→ TASK INSTRUCTIONS
Output every entry exactly as written, skipping any pictures.

→ EXTRACTED RECORDS
=== Begin Enclosure ===

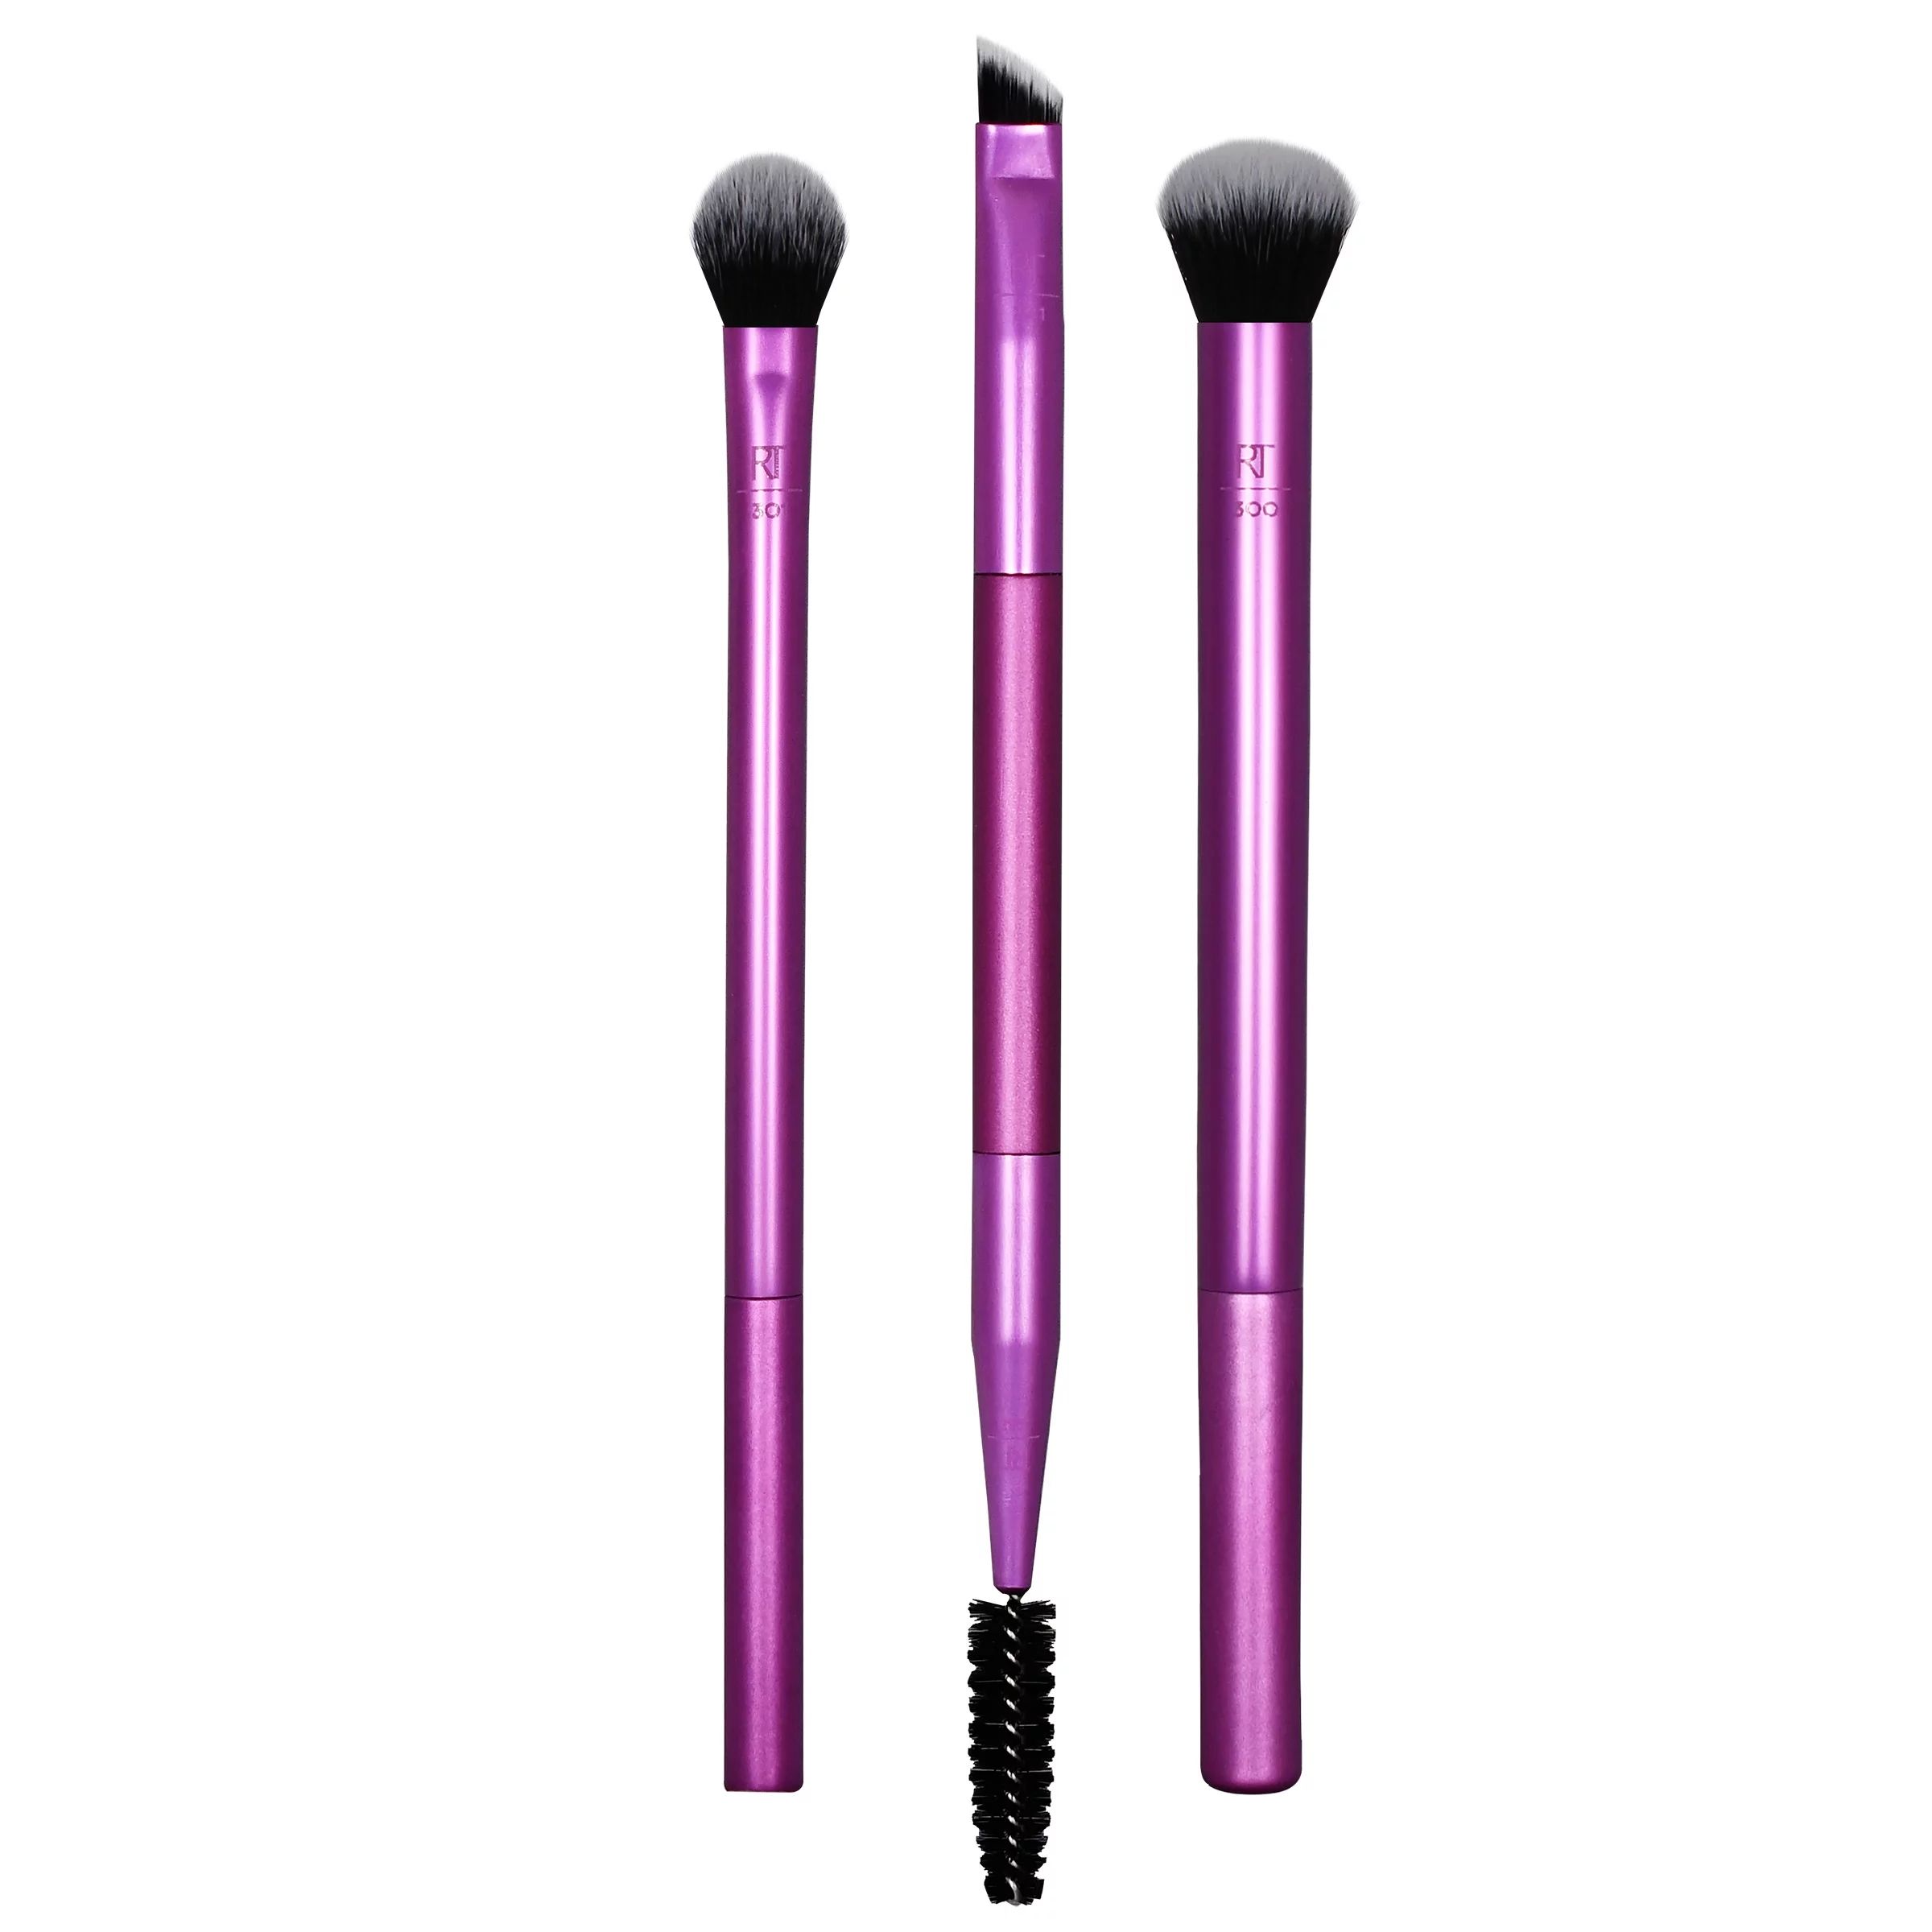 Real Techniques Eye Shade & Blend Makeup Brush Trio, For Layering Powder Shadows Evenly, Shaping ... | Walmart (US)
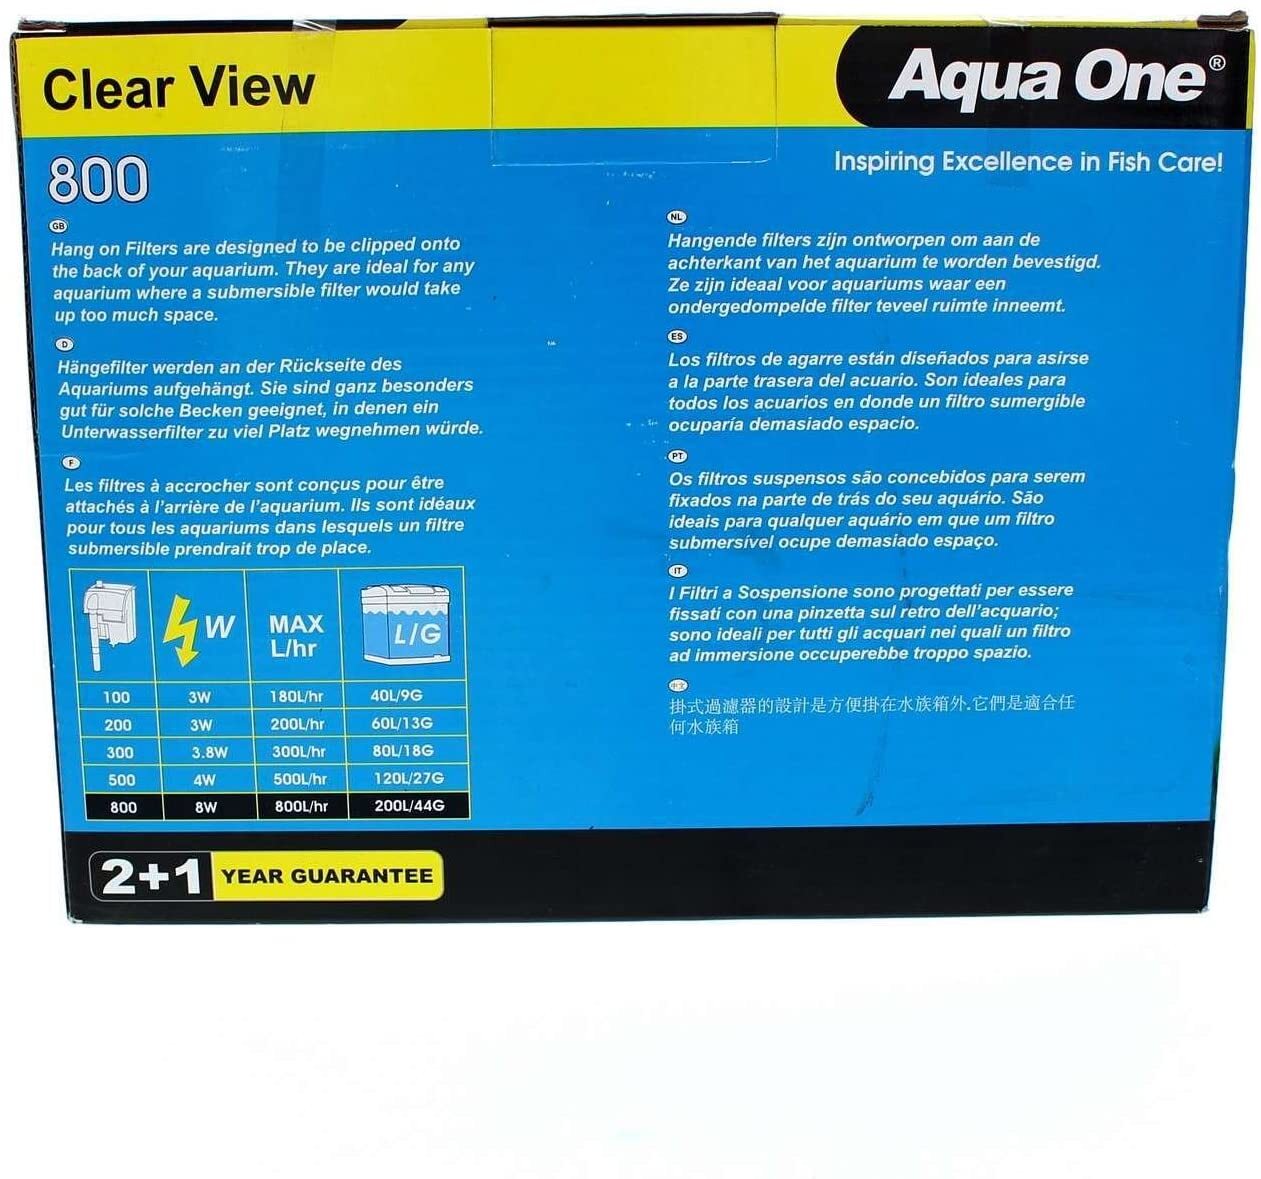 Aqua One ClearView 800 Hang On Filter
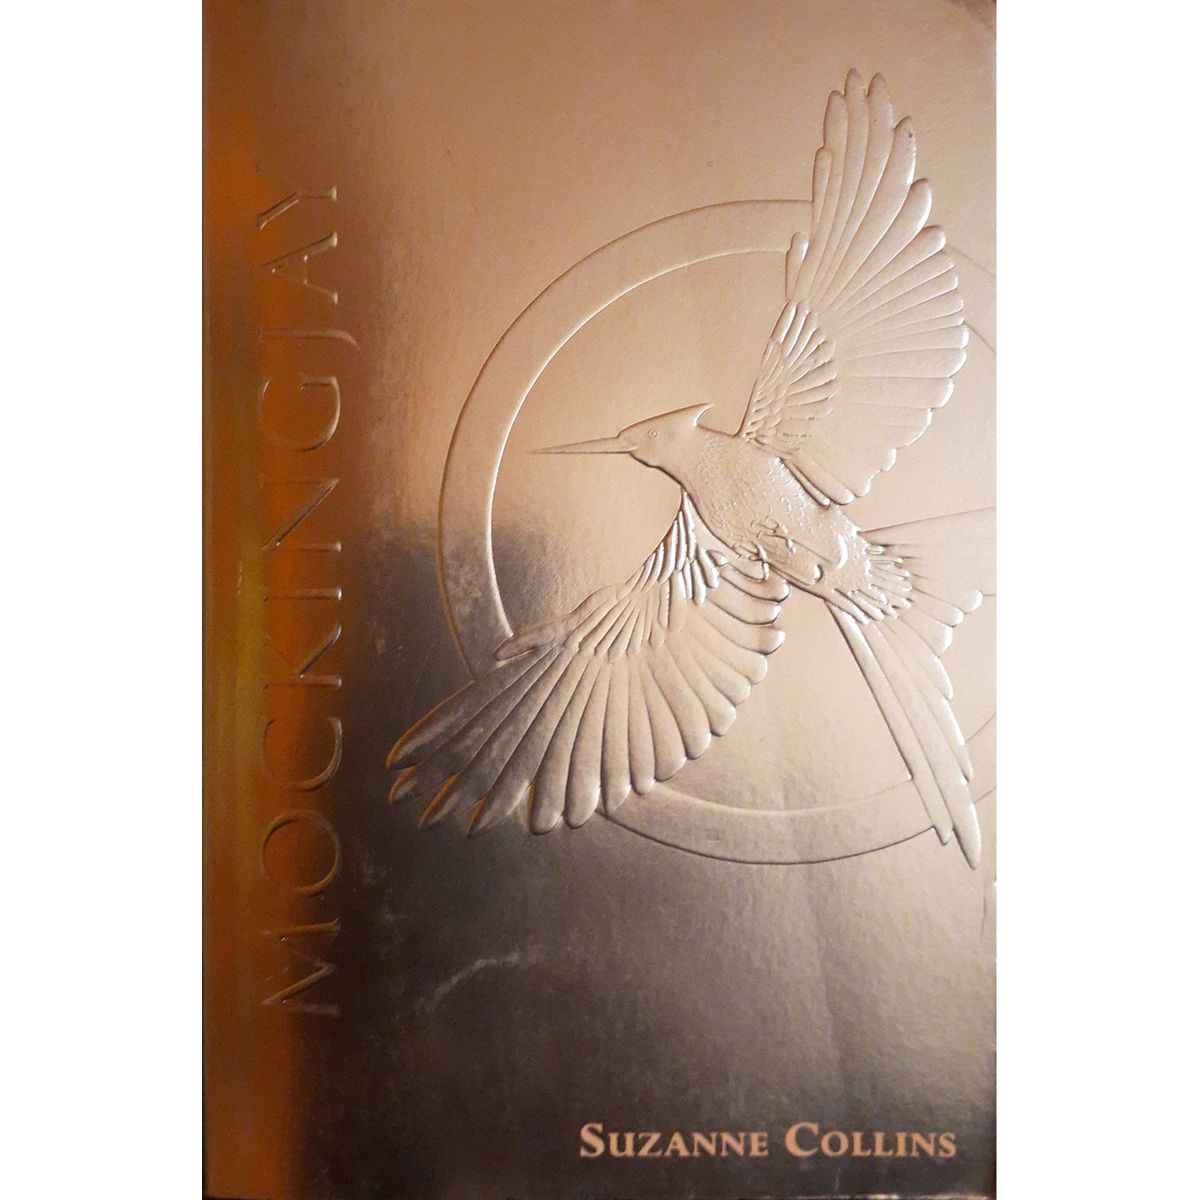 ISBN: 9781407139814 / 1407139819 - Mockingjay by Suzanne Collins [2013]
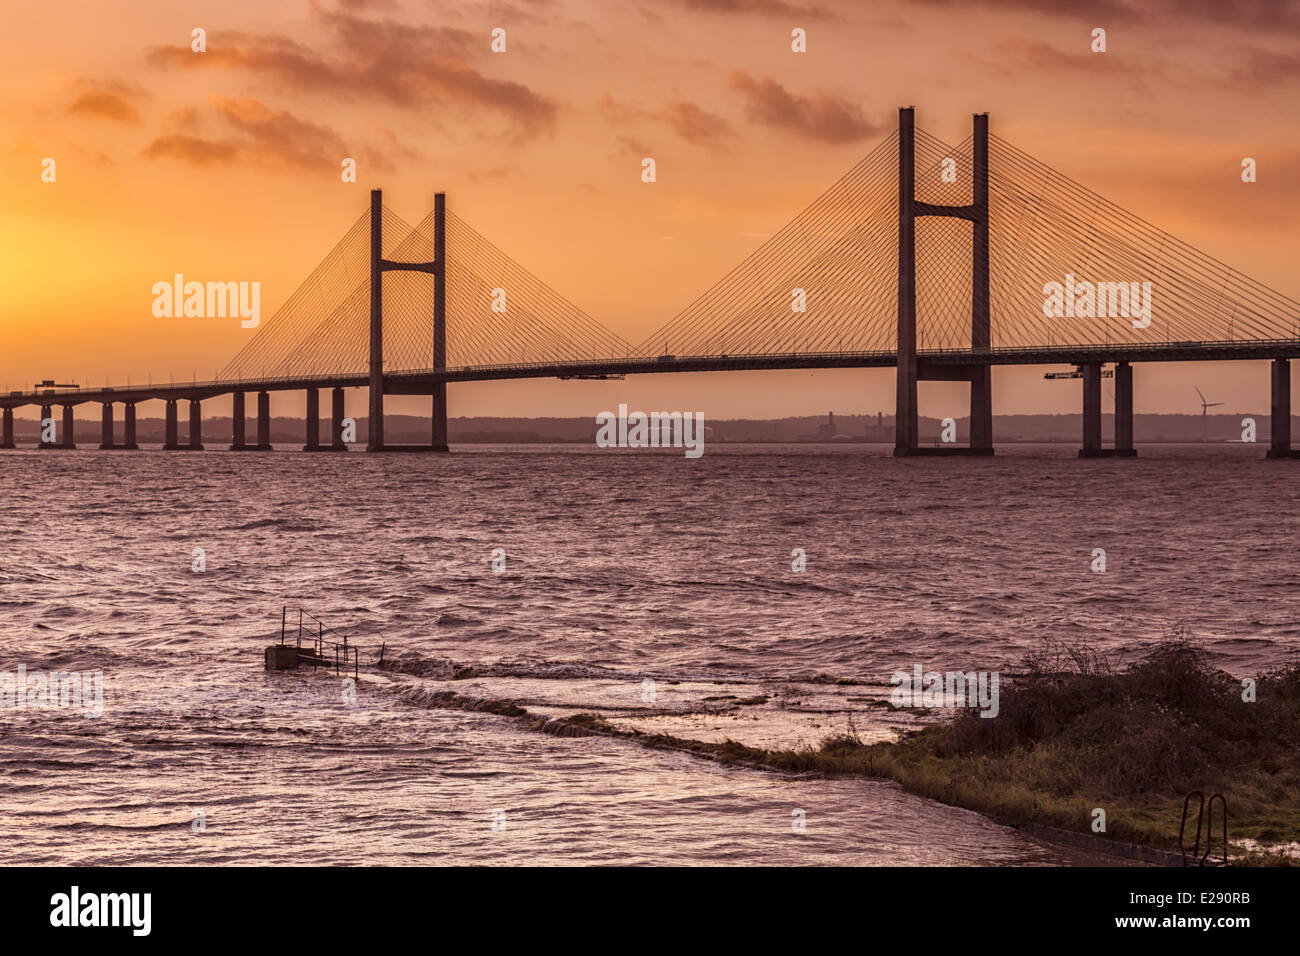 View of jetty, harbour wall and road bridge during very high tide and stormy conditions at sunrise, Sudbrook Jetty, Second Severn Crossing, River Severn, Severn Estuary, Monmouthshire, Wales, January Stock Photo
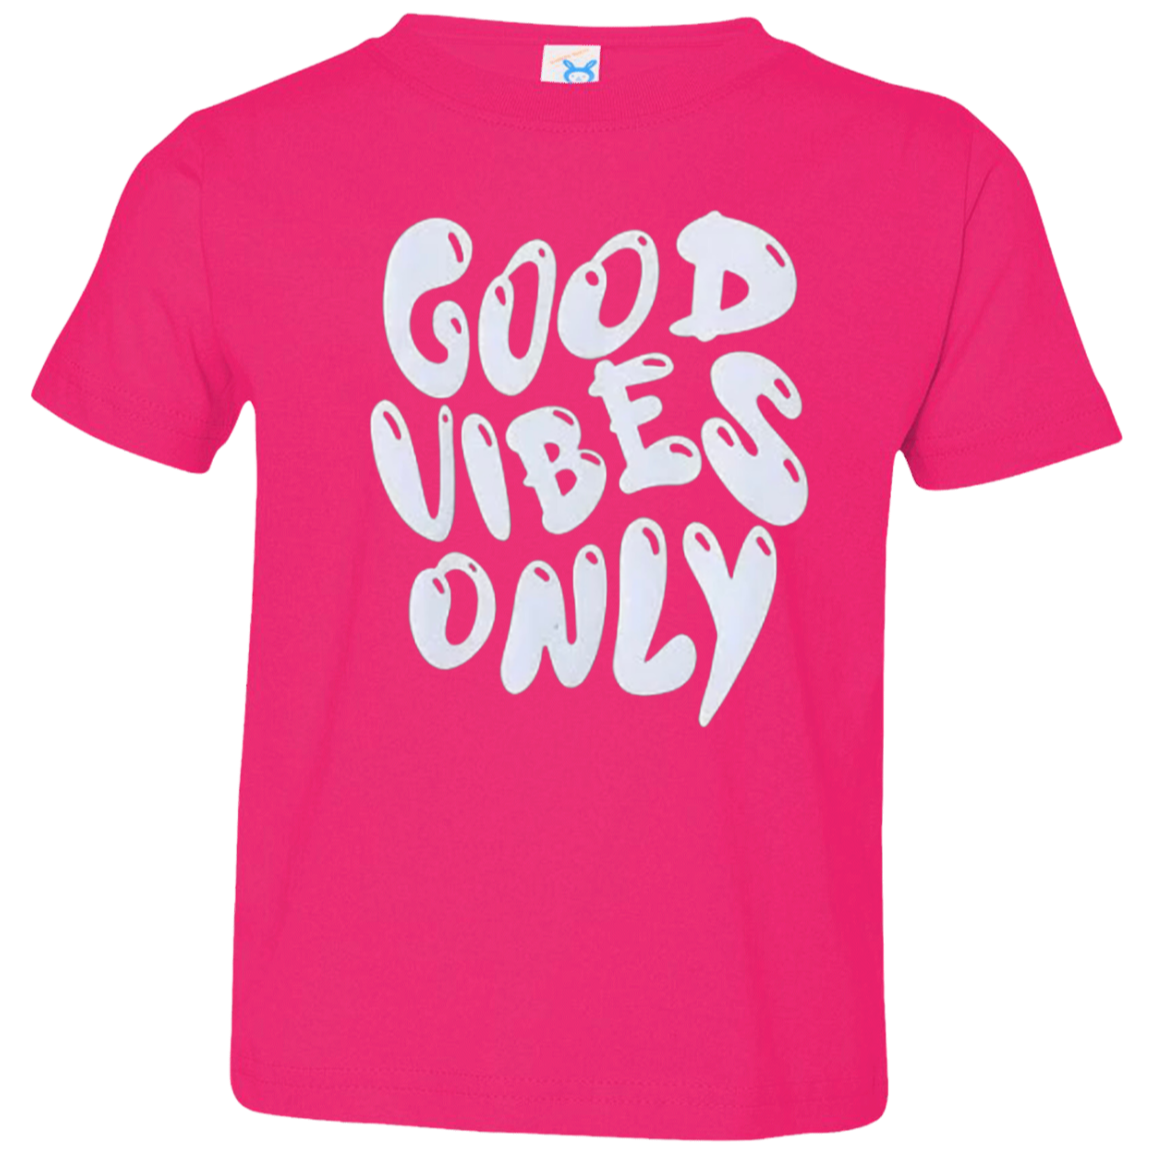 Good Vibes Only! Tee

=== End Enclosure ===

→ RESULT OF THE TASK
 Real Techniques Eye Shade & Blend Makeup Brush Trio, For Layering Powder Shadows Evenly, Shaping ... | Walmart (US)
 Aqua One ClearView 800 Hang On Filter
 ISBN: 9781407139814 / 1407139819 - Mockingjay by Suzanne Collins [2013]
 View of jetty, harbour wall and road bridge during very high tide and stormy conditions at sunrise, Sudbrook Jetty, Second Severn Crossing, River Severn, Severn Estuary, Monmouthshire, Wales, January Stock Photo
 Good Vibes Only! Tee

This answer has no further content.